Я к битве готовился честной,
Но кто-то меня переносит!
Вам что, до сих пор не известно?!
В ХОЛОДНОЙ ИРЛАНДИИ ОСЕНЬ!!!
Интерлюдия-5. Год Деревянной Обезьяны
— Как ты сказал, «маузер»? — переспросил Пусянь, доставая пистолет из деревянной кобуры. — Какой тонкий и нежный механизм. Но мои китайские мастера и не на такое способны. Вот только этот рычажок я попрошу сделать покрупнее…
«Боги и демоны Патруля!» — ужаснулся связанный по рукам и ногам Эверард. — «Что я натворил! Теперь Пусянь, оснащенный нашим оружием, повернет назад, легко одолеет монголов и снова станет императором Китая! Через триста лет Колумб откроет Америку и обнаружит здесь…»
Прогремел выстрел. Пуля угодила в котелок, мирно качавшийся над костром, и расплескала кипящую воду.
— Ага, понял, — кивнул Пусянь. — А если повернуть вот здесь…
«Меня сошлют на отдаленную планету!»
Грянула целая очередь. В конце концов, это был «маузер» 712-й модели.
— Ничего себе, — удивился Пусянь.
«И на отдаленной планете меня будет встречать наместник Пусяня, первого Императора Галактики!»
— Эти монголы такие зануды, — пожаловался Пусянь.
«Они будут преследовать Пусяня и на отдаленной планете!»
— А твоему другу мы поставим памятник, — покосился Пусянь в сторону Джека Сандовала. — Даже больше, мы его посмертно обожествим. Или назначим императором… как ты сказал? Америки? Да, Америки. Посмертно.
— В этом конфуцианцы не знали себе равных, — прохрипел наконец-то разлепивший губы Эверард. — Раздавать посмертно императорские и королевские титулы, это надо же. Пепреплюнули все известные и неизвестные мне наградные системы.
— Так мы и при жизни можем, — отозвался Пусянь. Покопавшись в сумке, он извлек подаренный патрульными атлас на китайском языке. — Мир еще больше, чем мы думали! Выбирай. Вот эта огромная страна на самом юге, окрашенная в белый цвет. Нан-Дзи-Жоу, — прочитал он по складам.
— Антарктида, — машинально перевел Эверард.
— Там должно быть очень тепло, — заметил Пусянь.
Эверард скривился.
— Зубы болят? — участливо спросил беглый император.
— Такой пошлой шутки я не слышал с 1944 года, — неохотно ответил Эверард.
— С какого года? — не понял Пусянь.
— Год Деревянной Обезьяны, — тоскливо уточнил Эверард.
— Варвары, — презрительно процедил император.

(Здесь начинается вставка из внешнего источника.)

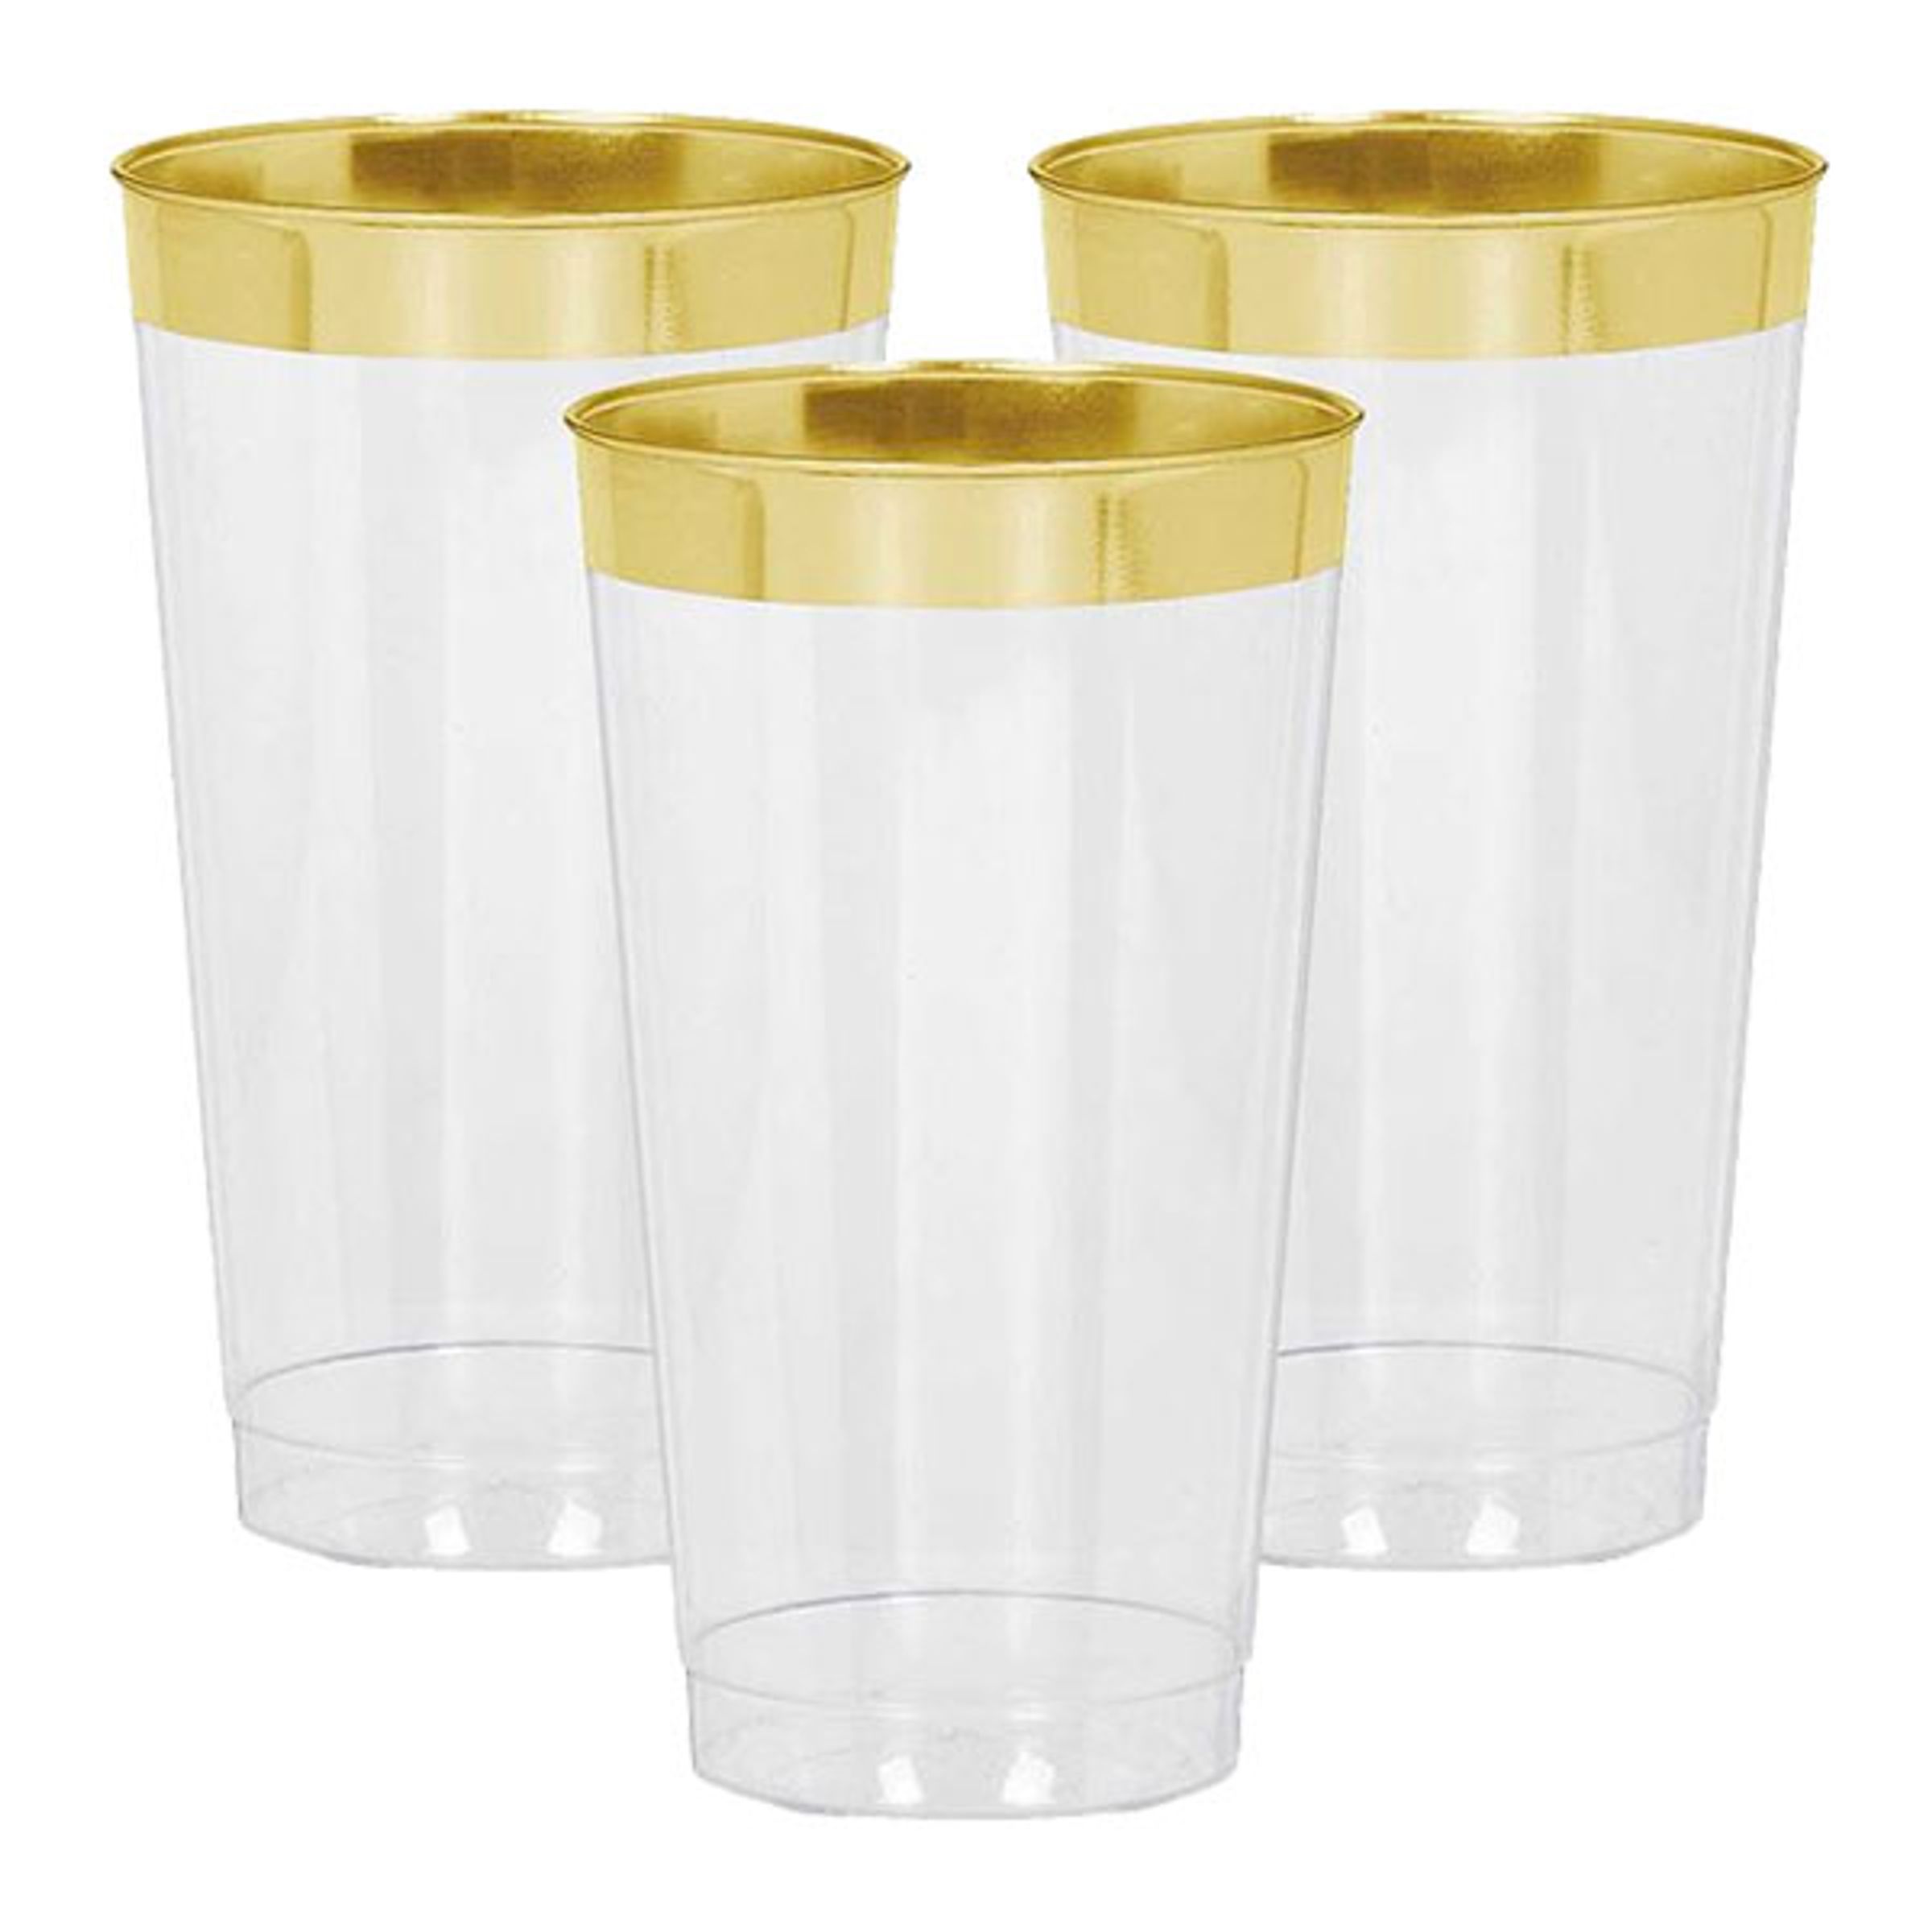 Drinkglas i Plast Premium Guldkant - 16-pack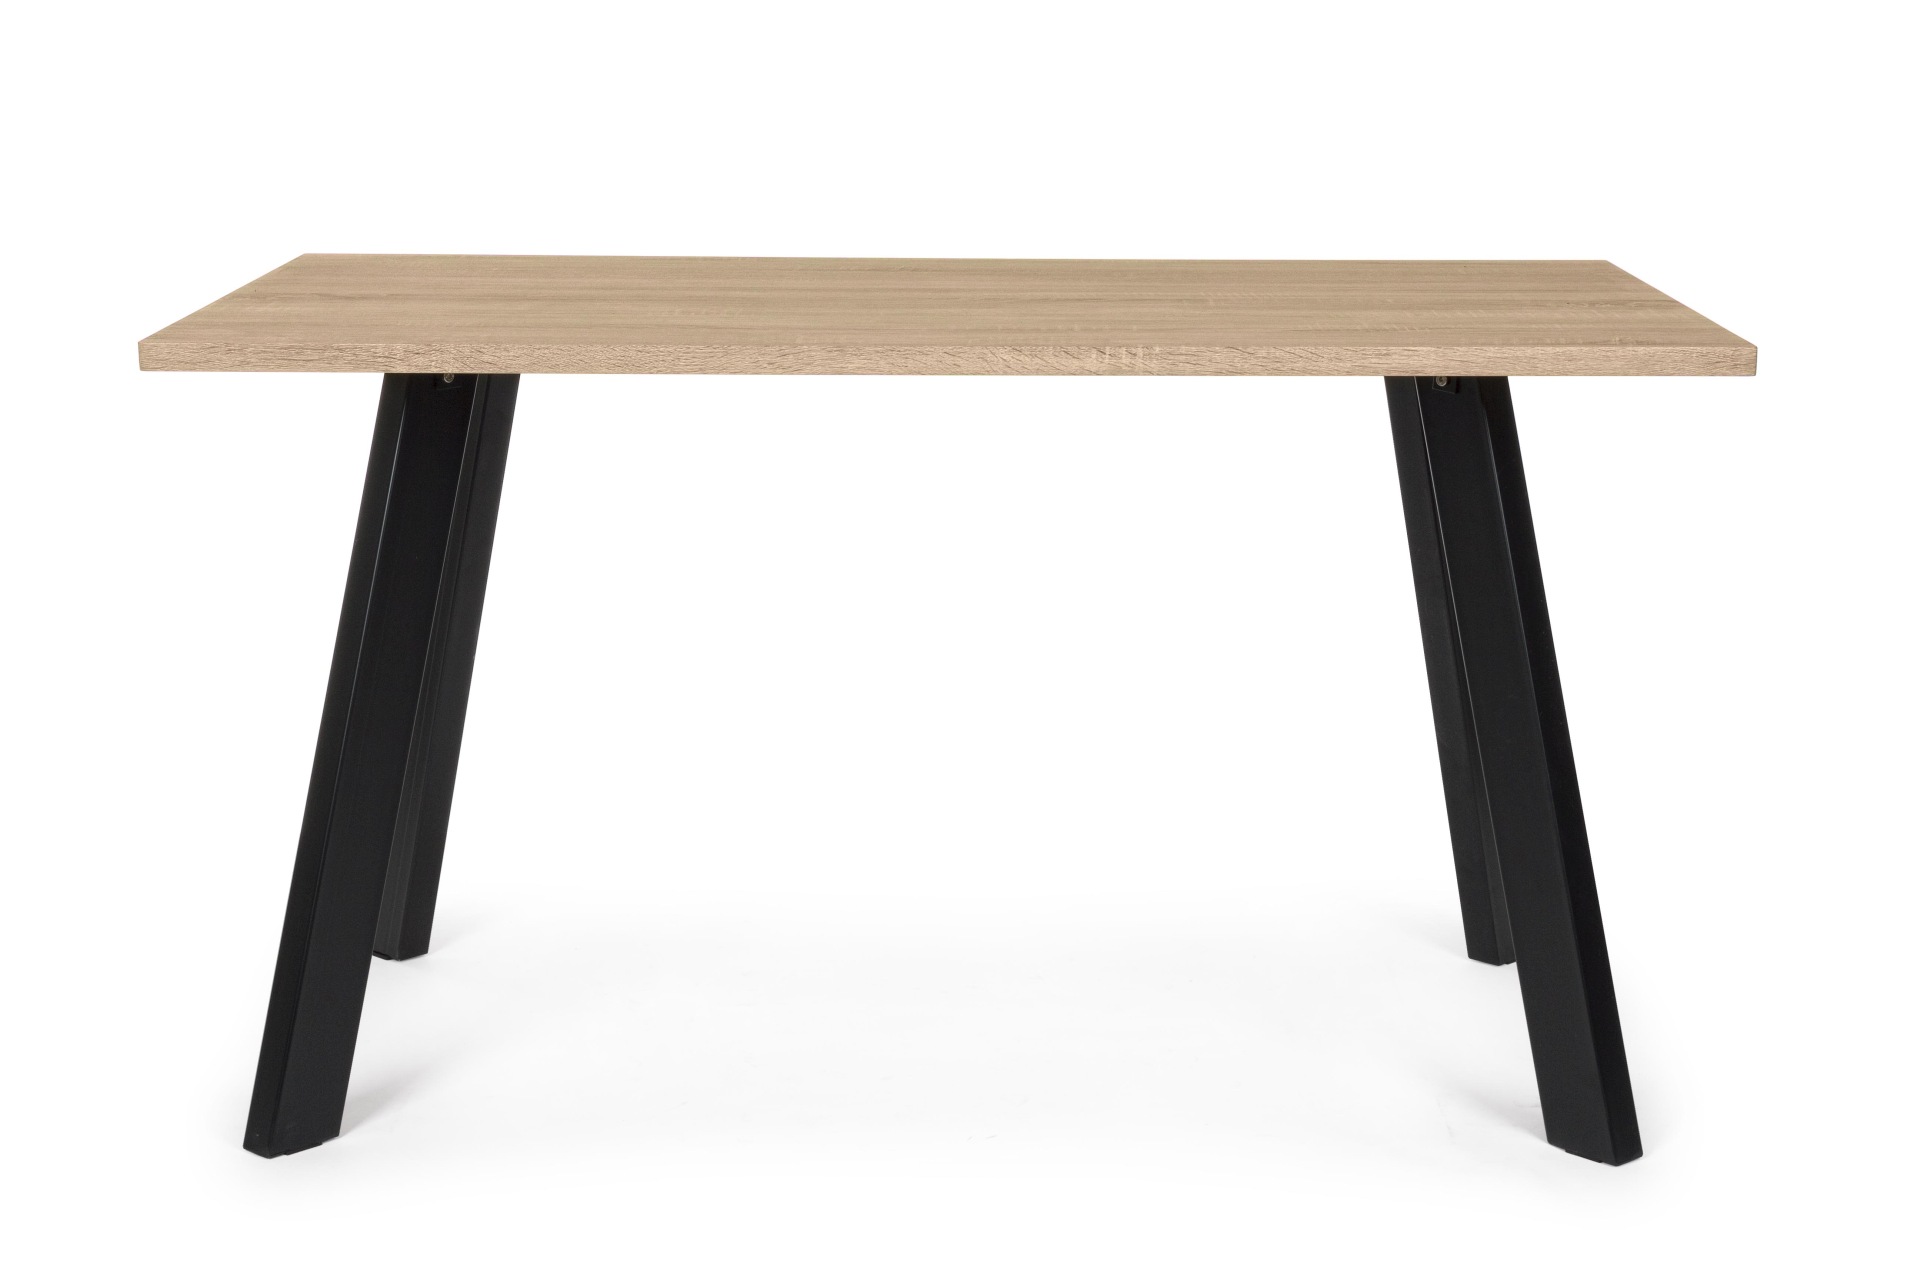 Der Esstisch Giant überzeugt mit seinem modernem Design. Gefertigt wurde er aus MDF, welches eine Holz-Optik besitzt. Das Gestell des Tisches ist aus Metall und hat eine schwarze Farbe. Der Tisch hat eine Breite von 140 cm.

Интерлюдия-6. Пусянь против Муссолини
На краешке света, в угрюмой долине,
В тени вулканических скал,
Сражались герои — Пусянь с Муссолини —
И кто-то из них проиграл.
Пусянь был пришелец из древней эпохи,
Он был узкоглаз и суров,
Его не страшили фашистские лохи,
«Наследники римских орлов».
Свирепый клинок был откован в Дамаске,
Инцест воплощенный и Секс,
Трещали стальные фашистские каски,
Мозги превращались в бифштекс.
Узрев, как ужасен в бою император,
Бенито дрожащей рукой
Схватил пистолет-пулемет Фонтберната —
И снова отправился в бой.
Свинцовые пули жужжали как осы,
Пощады не знал «Фонтбернат»,
И время пришло отвечать на вопросы
«Что делать?» и «Кто виноват?»
Ну кто виноват? Дураки и дороги,
Известная эта беда.
(От битвы проснулись подземные боги —
Их будят везде и всегда).
И бабочки крылья в резиновой ленте
Мелькают, зовут на борьбу,
И сразу из двух пистолетов Глизенти
Пусянь открывает стрельбу.
Приятно, опять пригодились трофеи,
Пусянь на гашетки нажал —
И пули пробили аорту злодея,
И дуче на землю упал.
Могила в степи — вот такая картина.
Над ней возвышается гриб.
Он мог быть владыкой страны Сан-Марино,
Но в битве с Пусянем погиб.
Выходит на брег победитель — и взору
Его приоткрылся пейзаж:
Армада стальных крейсеров и линкоров,
И в каждом — стальной экипаж.
На флагмане том, опираясь на бортик,
И крепко держась за штурвал,
Стоял флотоводец по имени Хорти,
Он был сухопут-адмирал.
А в трюме его, перевязанный леской,
И с кляпом вонючим во рту,
Валялся кровавый палач Антонеску,
Последний румын на борту…
…Ступайте, ищите, не знайти покоя!
Найдите в сплетениях строф
В двадцатом, в тринадцатом веке героев,
Злодеев и просто козлов.
Не этот, который рифмуется с «Таллинн»,
Не тот, где последняя «я»,
Но были другие из бронзы и стали!
О них не напомнить нельзя!
ПРОДОЛЖЕНИЕ СЛЕДУЕТ
Примечания
1
An.
Foule Diuell, For Gods sake hence, and trouble vs not,
For thou hast made the happy earth thy Hell:
Fill'd it with cursing cries, and deepe exclaimes:
If thou delight to view thy heynous deeds,
Behold this patterne of thy Butcheries.
Oh Gentlemen, see, see dead Henries wounds,
Open their congeal'd mouthes, and bleed afresh.